__RAW DATA__.
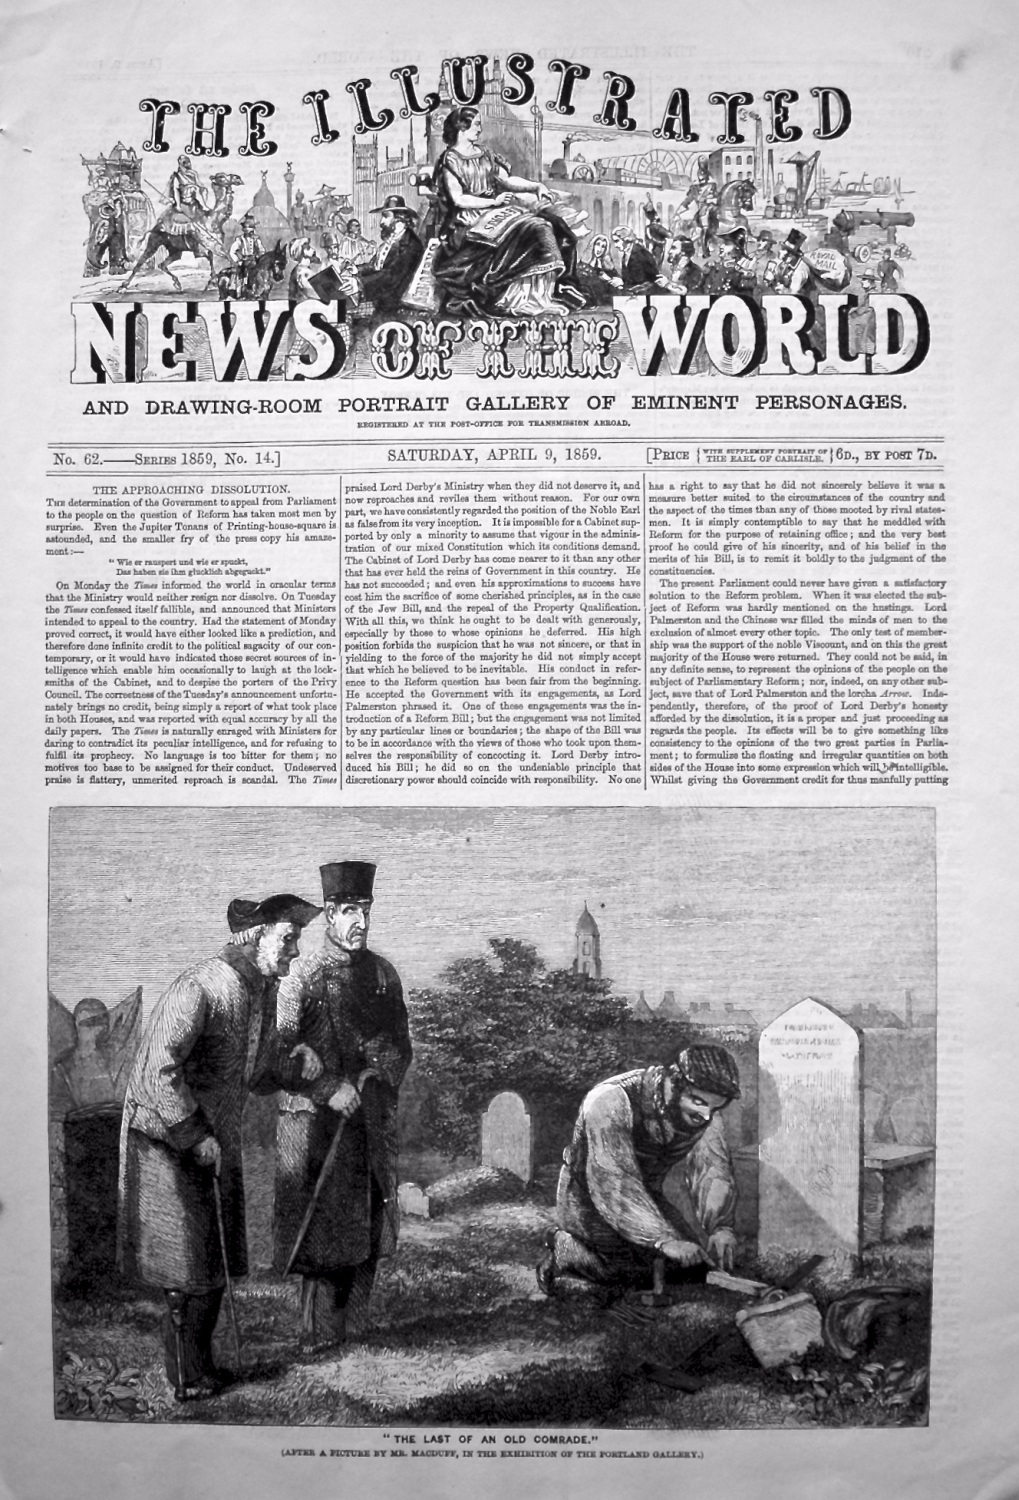 The Illustrated News of the World, April 9th, 1859.
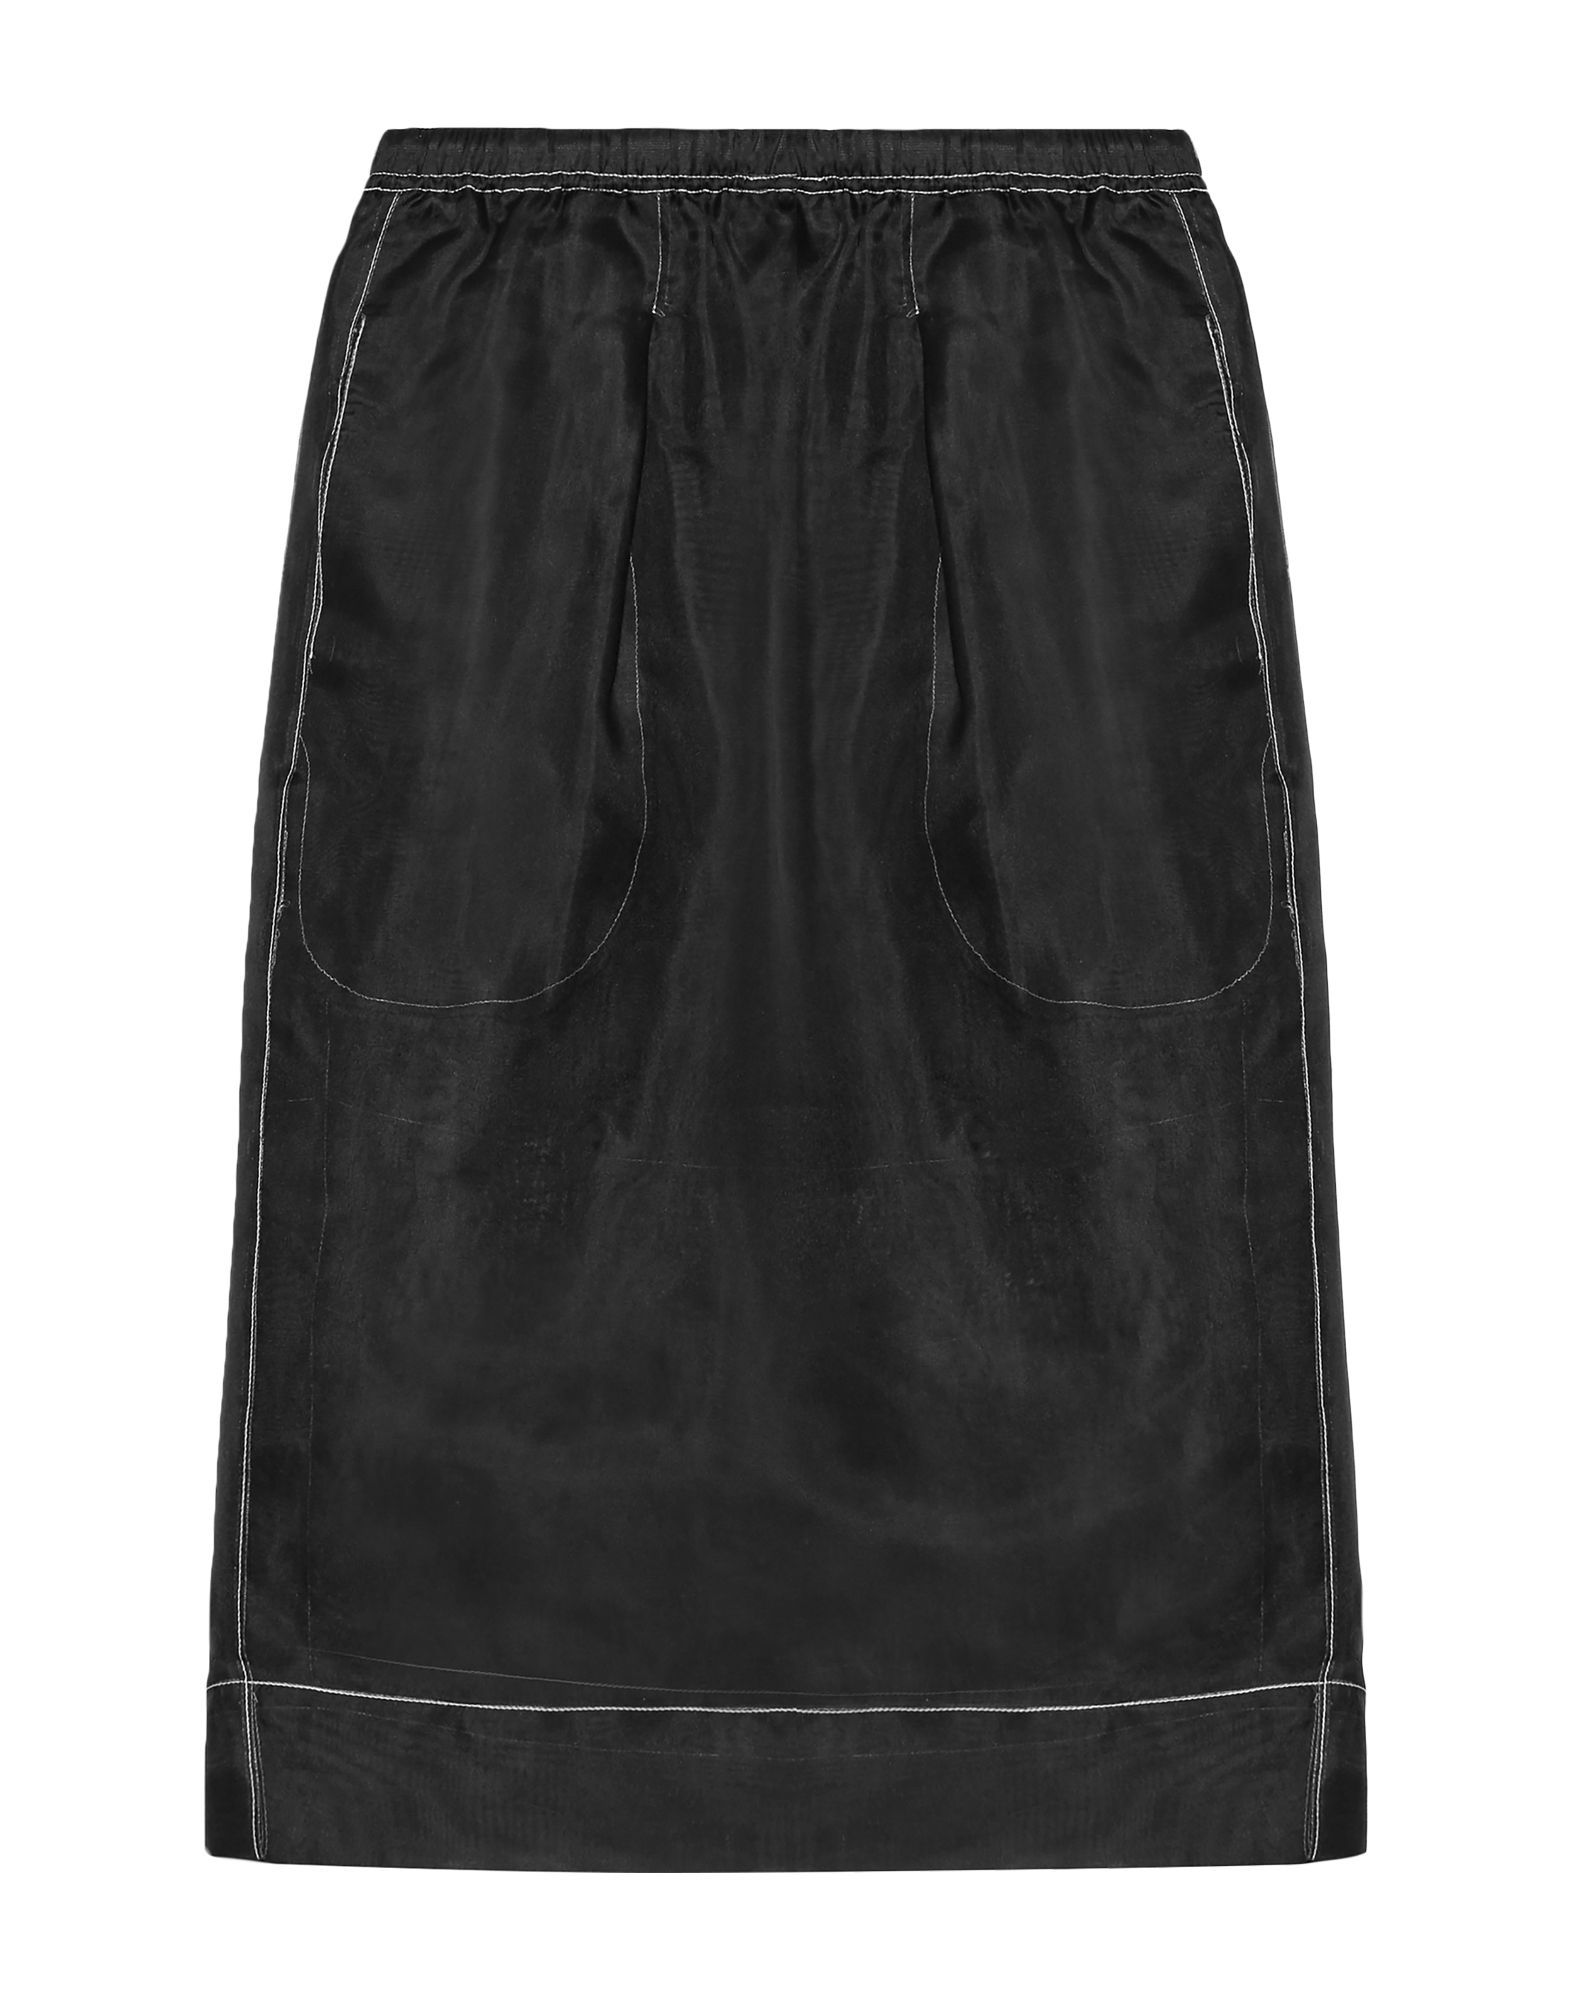 organza, stitching , solid colour, drawstring waist, multipockets, fully lined, skirt
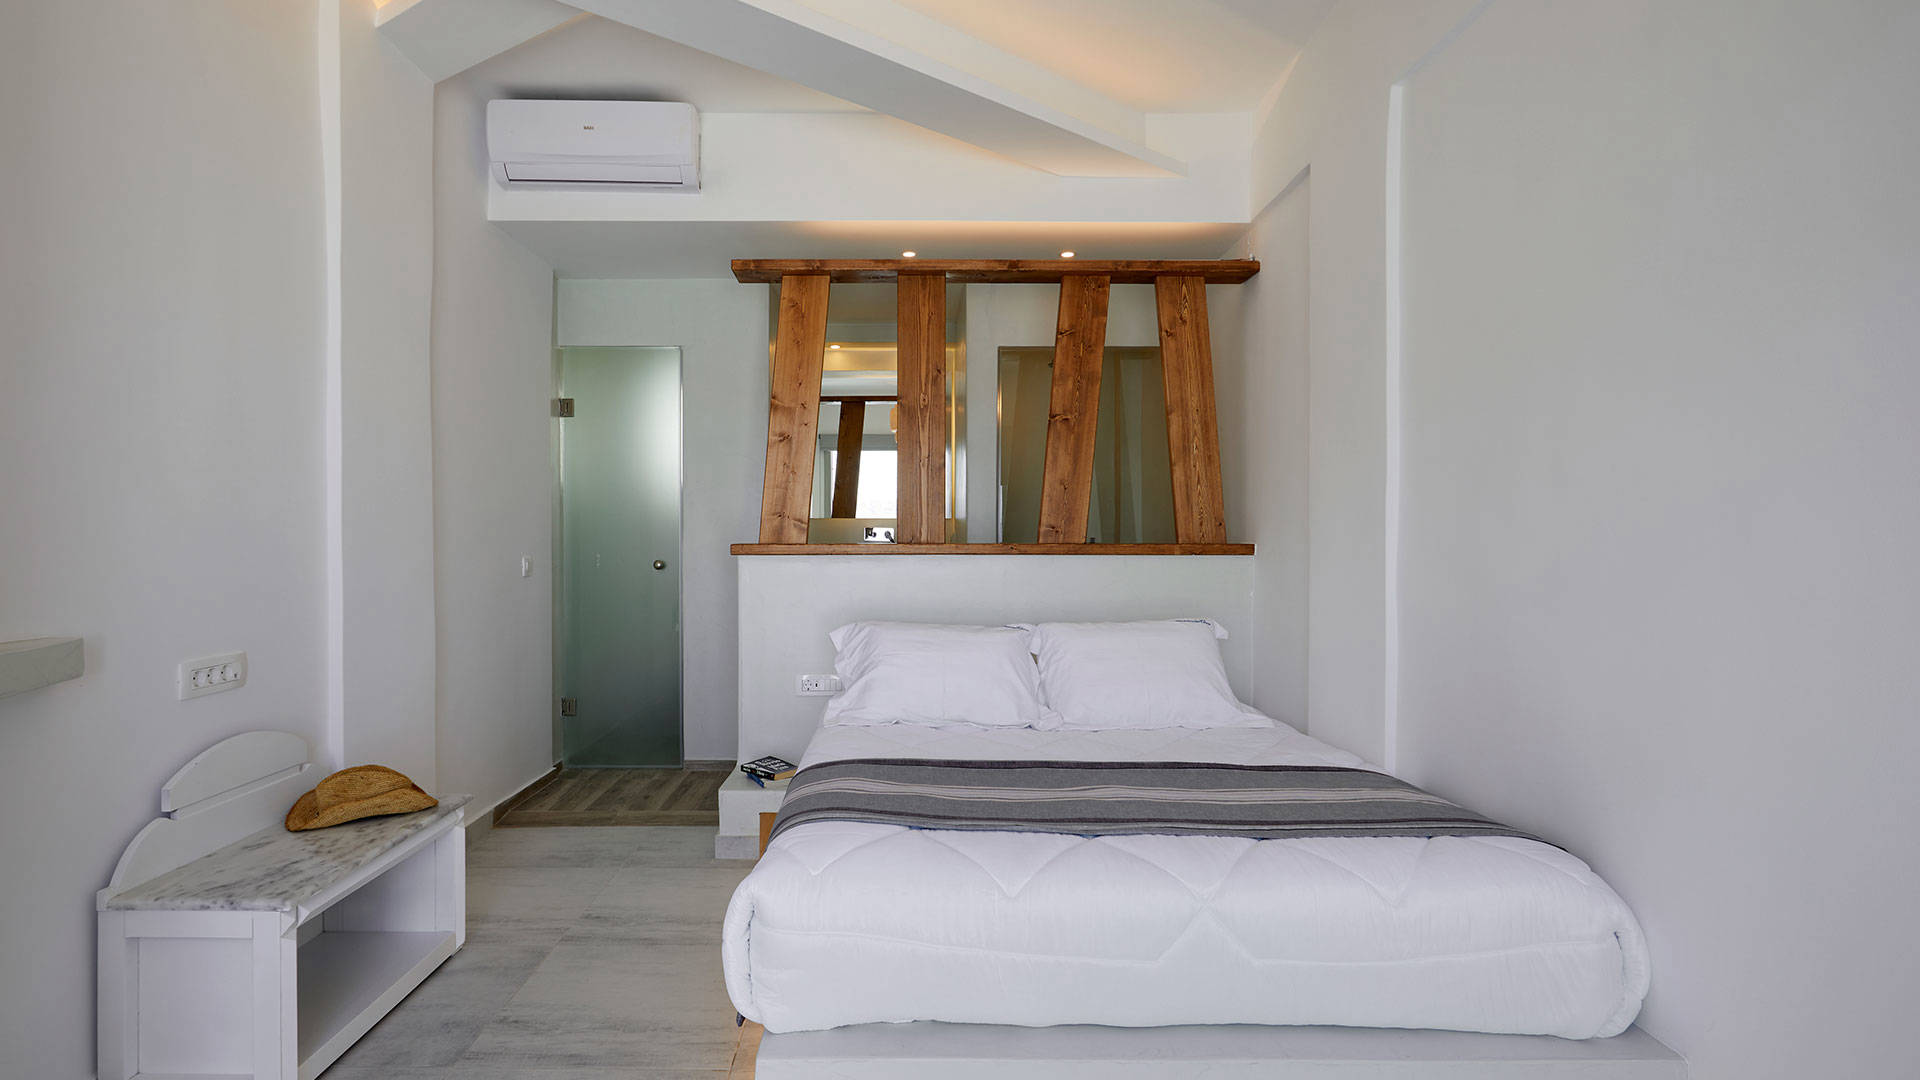 
Santorini View Hotel double bed with white linen and grey coverlet, and wooden decoration

__TASK GOAL__. Every line in the data above needs to be given again exactly, pictures aside.

__YOUR RESPONSE__.
 The Illustrated News of the World, April 9th, 1859.
 organza, stitching , solid colour, drawstring waist, multipockets, fully lined, skirt
Santorini View Hotel double bed with white linen and grey coverlet, and wooden decoration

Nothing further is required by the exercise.